The Richard P. Anderson Pioneer Scout Reservation also known as Pioneer Scout Reservation (PSR) and Camp Frontier was opened in 1969 by Erie Shores Council. It is a Scout camp in northwest Ohio and southeast Michigan just west of Pioneer, Ohio. The camp itself is just over 1200 acres. It hosts many events year round like spring/fall camporees and camp Alaska in the winter, but is most known for its summer program Camp Frontier which is very popular and one of the best programs in the area. This camp has many different areas for their Camp Frontier program, such as, shooting sports which includes, the rifle range, shotgun range, and archery range.
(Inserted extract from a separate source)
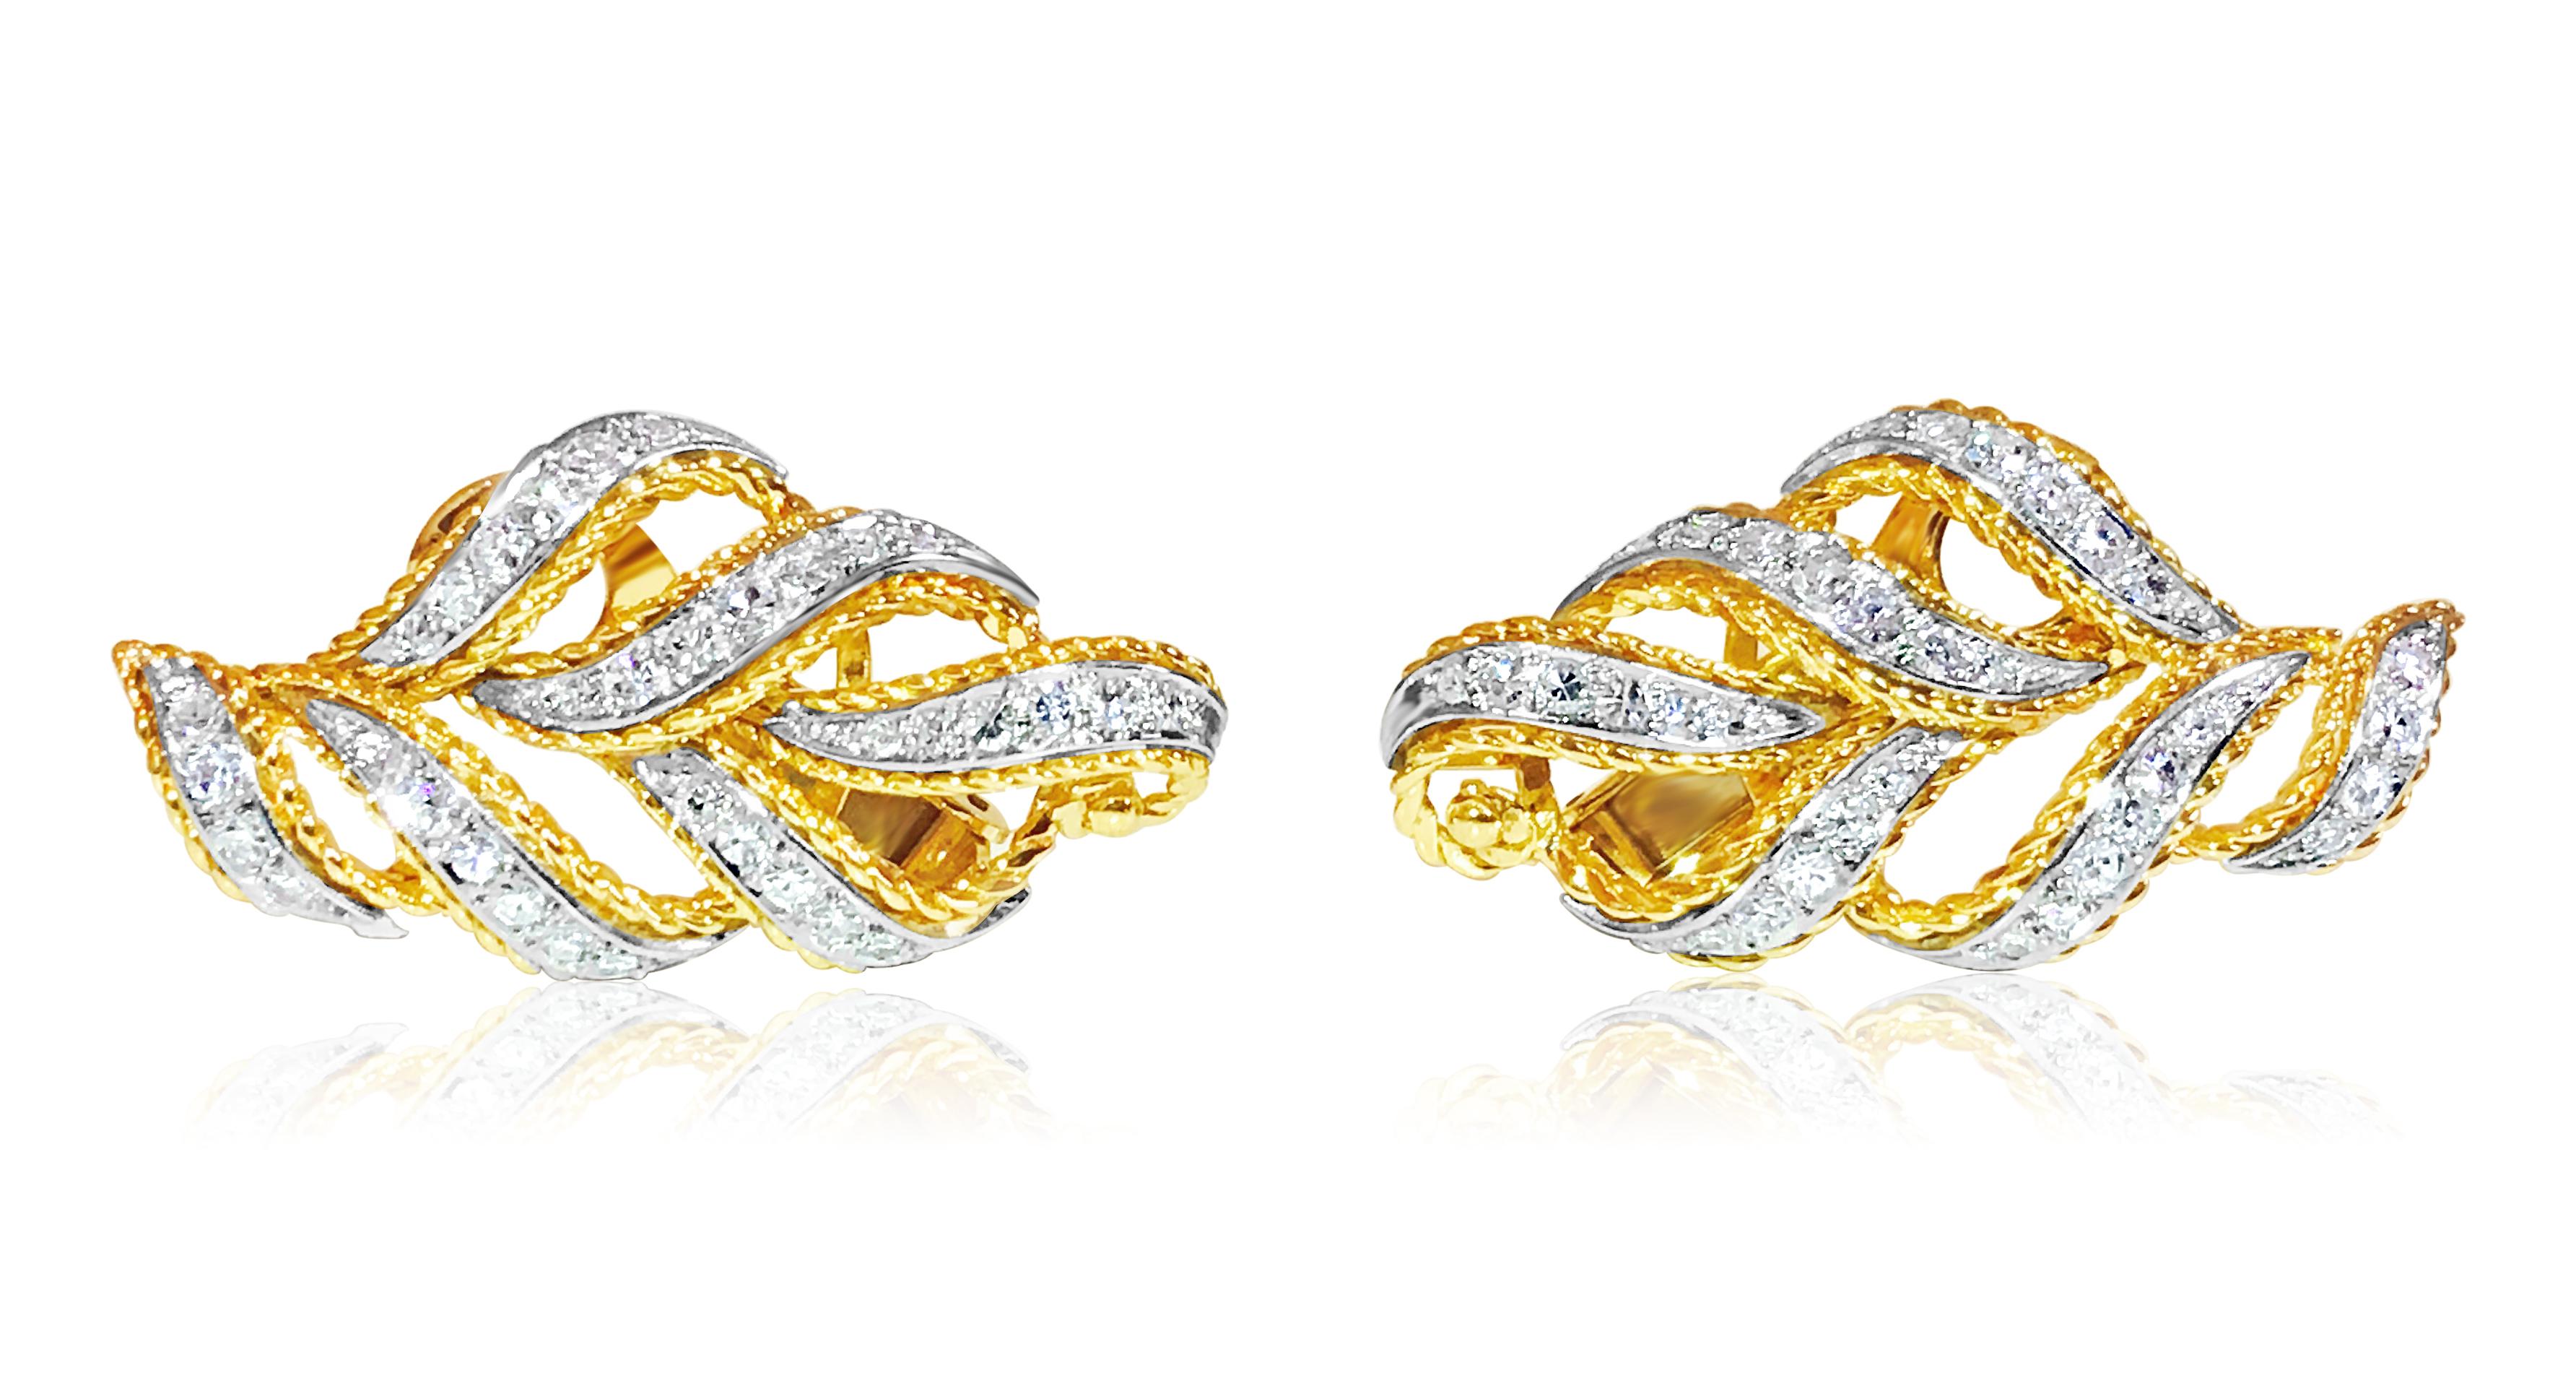 Fashioned from 14K yellow gold, these clip-on earrings feature a total carat weight of 2.00 carats of round-cut diamonds, boasting VS clarity and G color. Their elegant leaf-like design exudes sophistication, while the diamonds' superb luster and

There is also a pool, a lakefront, high and low COPE, COSA, Frontier Trading Co., ATV, Amphitheater, chapel, Frontier HQ, a dining hall, T21/Eagle, a climbing tower, extreme sports, handicrafts, trading post, a health lodge, Loftus Lodge, an ecology center, quartermaster building, 3 telescopes, four cabins, and three shower houses. The camp has three lakes, Lake Spieker (which is where the lakefront is), Lake MacNichol, and Lake Teagarden.

==Camp Frontier==
===Program Areas===
====Aquatics====
- The Aquatics program consists of two areas, the pool and the lakefront. Here scouts learn about aquatic related merit badges from the well trained staff who are also Red Cross certified lifeguards. The aquatics program is one of the biggest and most popular programs in camp.
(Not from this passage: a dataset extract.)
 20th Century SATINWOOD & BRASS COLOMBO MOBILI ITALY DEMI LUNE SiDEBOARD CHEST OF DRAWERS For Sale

- The pool is where some of the eagle required merit badges are taught, which are lifesaving and swimming. The pool has three different parts for the three different swimming classes (learner, beginner, and swimmer). The learner section is only three feet deep, the beginner section is three to five feet deep, and the swimmer section is five to nine feet deep and also has a diving board.
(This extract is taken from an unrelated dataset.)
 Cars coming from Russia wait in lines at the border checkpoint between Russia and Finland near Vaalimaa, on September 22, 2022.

- The lakefront is where scouts can swim from 3:00 to 5:00 in open swim. The lakefront has three different parts, the beginner section, the learner section, and the swimmer section.

====T21====

- The eagles nest, better known as T21, is located in the generalized center of where programs take place.
- Many of the camps eagle required merit badges are taught here. These include: Citizenship in the community, world, and nation, communication, personal management, and various other merit badges.
- Instructional lessons are given for various rank requirements throughout the day, which can be attended by anyone.

====Handicrafts====
- The program area focuses on more creative skills such as basketry, art, metalworking, welding, or graphic arts. No eagle required merit badges are taught here.
- The area also offers various activities each day such as tie dye, "boondoggling", sand candles, a chess tournament, leather crafts, and screen printing.
- The area is expected to move into a new building by MacNichol in the summer of 2020 or 2021.